Molecular diagnostics and precision medicine

• describe methods used in molecular diagnostics such as polymerase chain reaction (PCR), real time PCR, sequencing, next generation sequencing, microarrays, digital methods and laboratory automation.
• compare performance of various quantitative methods such as digital PCR, next generation sequencing and digital ELISA (enzyme-linked immunosorbent assay).
• evaluate the efficacy of molecular diagnostics to solve a clinical problem.
• identify weaknesses and limitations of methodologies for a given diagnostics situation.
• summarize and evaluate current and future technologies for microbial, cancer and genetic diagnostics.
• describe how molecular diagnostics is guiding the treatment (genetic status used for precision medicine) and preventing diseases (e.g. multiplex analysis for sub classification of microorganism).
• describe and evaluate the diagnostics used to guide immunotherapy.
• design a molecular assay including primers and probes, and choose a proper statistically sound validation strategy.
• present scientific material in clear and precise reports, posters and oral forms.
• analyse a diagnostic problem and describe a strategy to improve tests by finding new biomarkers (biomarker discovery) or apply other methodology such as point of care- or cutting edge technologies.

With the increased biological knowledge about, e.g., the human genome and the association between genes and diseases, molecular diagnostics is becoming an increasingly important tool for the health sector. In particular, molecular diagnostics is the basis for precision medicine, i.e. to provide the patient with best possible care in a given situation based on genetic information.

The course covers three clinical fields with increasing complexity of analysis and precision medicine.

The first part addresses microbiological diagnostics and associated techniques. Here the basic concepts of using virus or bacteria specific genes as biomarker for diagnosing infections are introduced. The course addresses the importance of multiplex test in order to map the genetics of the microorganism for patient stratification and different treatment options.

In the second part, monogenetic and polygenetic disorders and risk profiles are addressed. Here we aim to understand scope and impact of genetic variance on medical treatment and procedure. The associated techniques used in genetic analyses are explained and evaluated.

In the third part, cancer diagnostics and precision medicine are the focuses. Here, usage of genetic methods for quantitative measurements are addressed in order to either detect cancer at early stage or to monitor treatment results. Modern cancer drugs are very expensive and ideally only used on patients that can benefit from them. These decisions are based on molecular, often quantitative, methods. Examples to illustrate the approach is BCR/ABL transcript measurements and mutation analysis in CML patients, EGFR/Ras mutational analysis for treating colon cancers and analysis of for instance PDL1 expression for guiding immunotherapy.

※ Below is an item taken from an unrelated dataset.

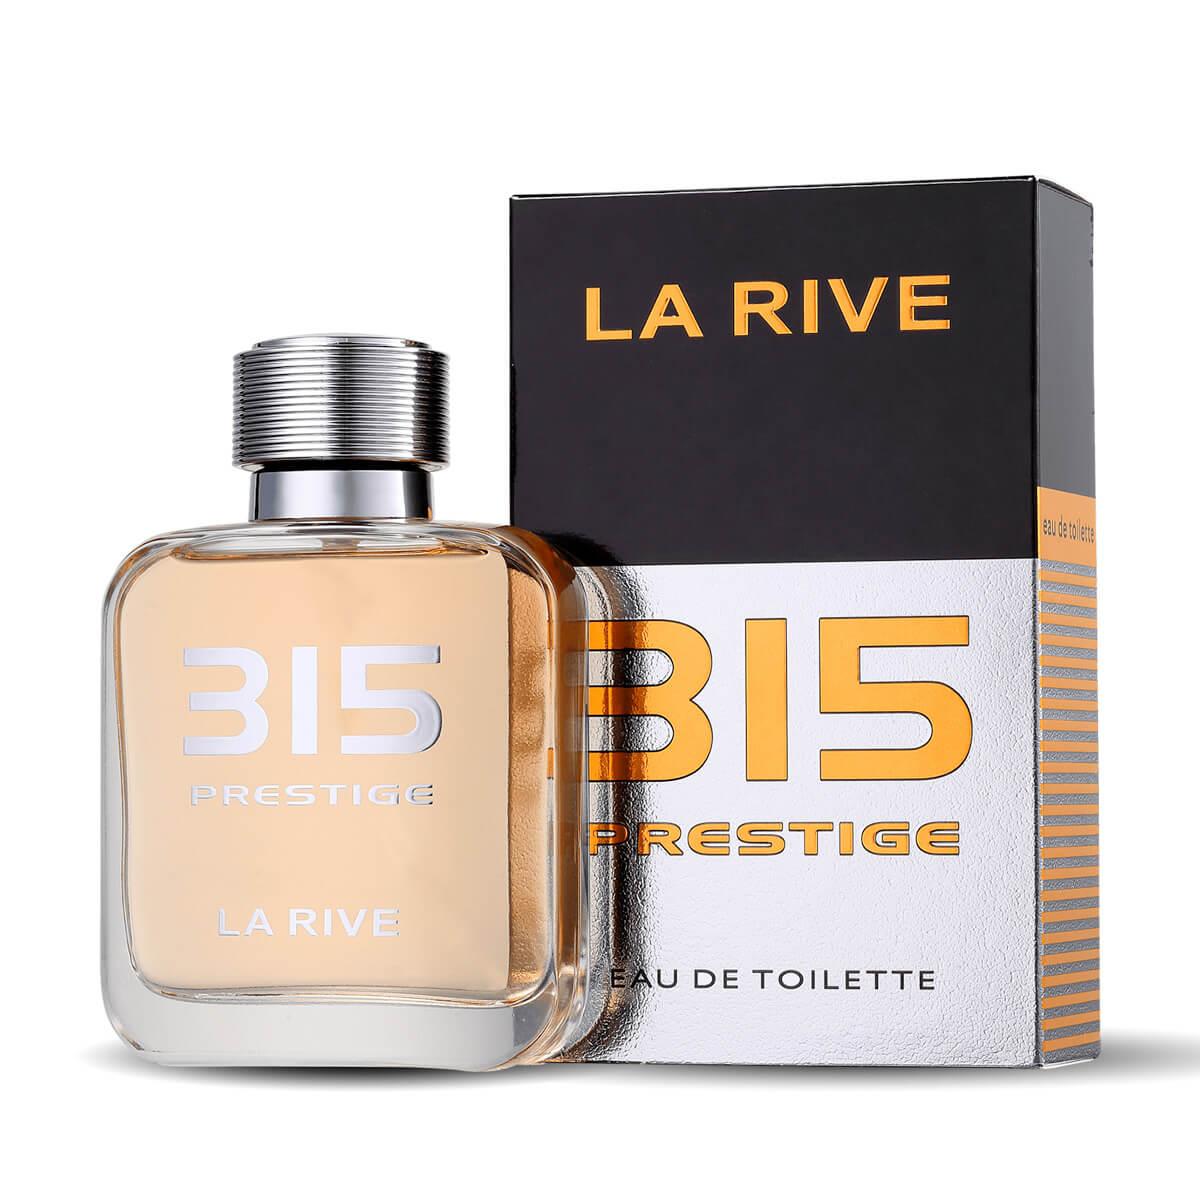 Kit 3 Perfumes Importados Masculinos 315 Prestige La Rive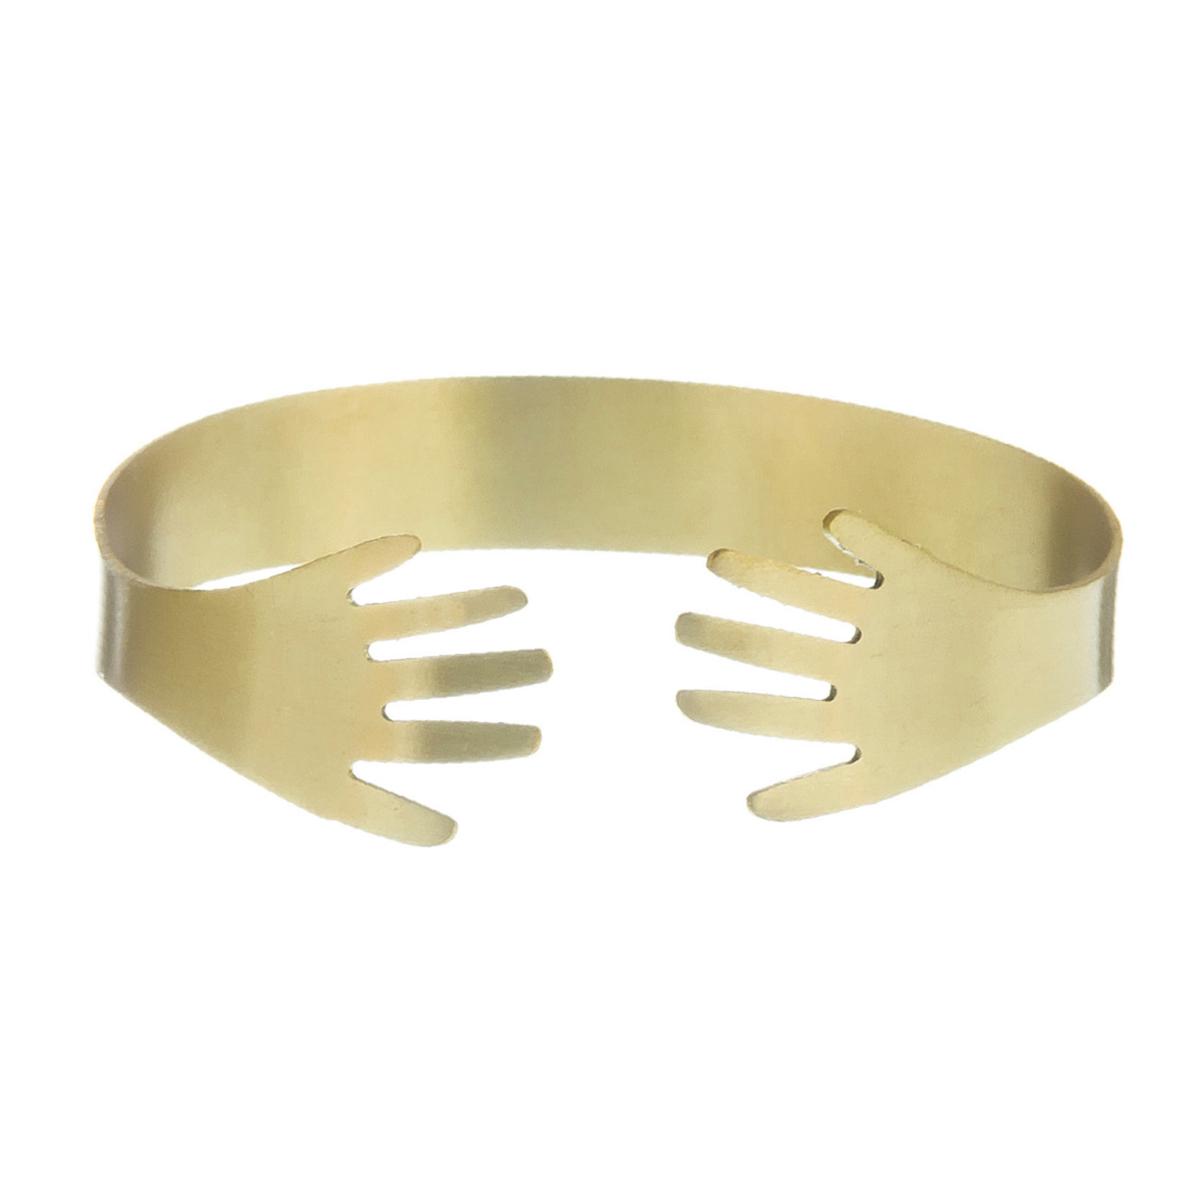 Brass hands bracelet by Sibilia

Increasing usage of cutting-edge technologies such as high throughput sequencing and digital PCR combined with advanced sample preparation methods can address many kinds of samples such a cell free DNA (rare DNA), circulating tumour cells (rare cells) and exosomes (cell remnants). The course will investigate the diagnostic advantage and clinical and societal impact of such cutting-edge technologies.

27231/27232, or equivalent

The lectures are on video and the course hours are used to define, solve and discuss relevant problems. Posters, short lectures and short case descriptions are used in training sessions to identify what is important for molecular diagnostics and precision medicine. The short cases gives opportunities to get feedback on written presentations. This feedback can be used for the final report that gives the grade. The course can be followed as remote learning.

There will be assignments in smaller groups during the course, as well as internal presentations.

Minimum: 5.

Please be aware that this course will only be held if the required minimum number of participants is met. You will be informed 8 days before the start of the course, whether the course will be held.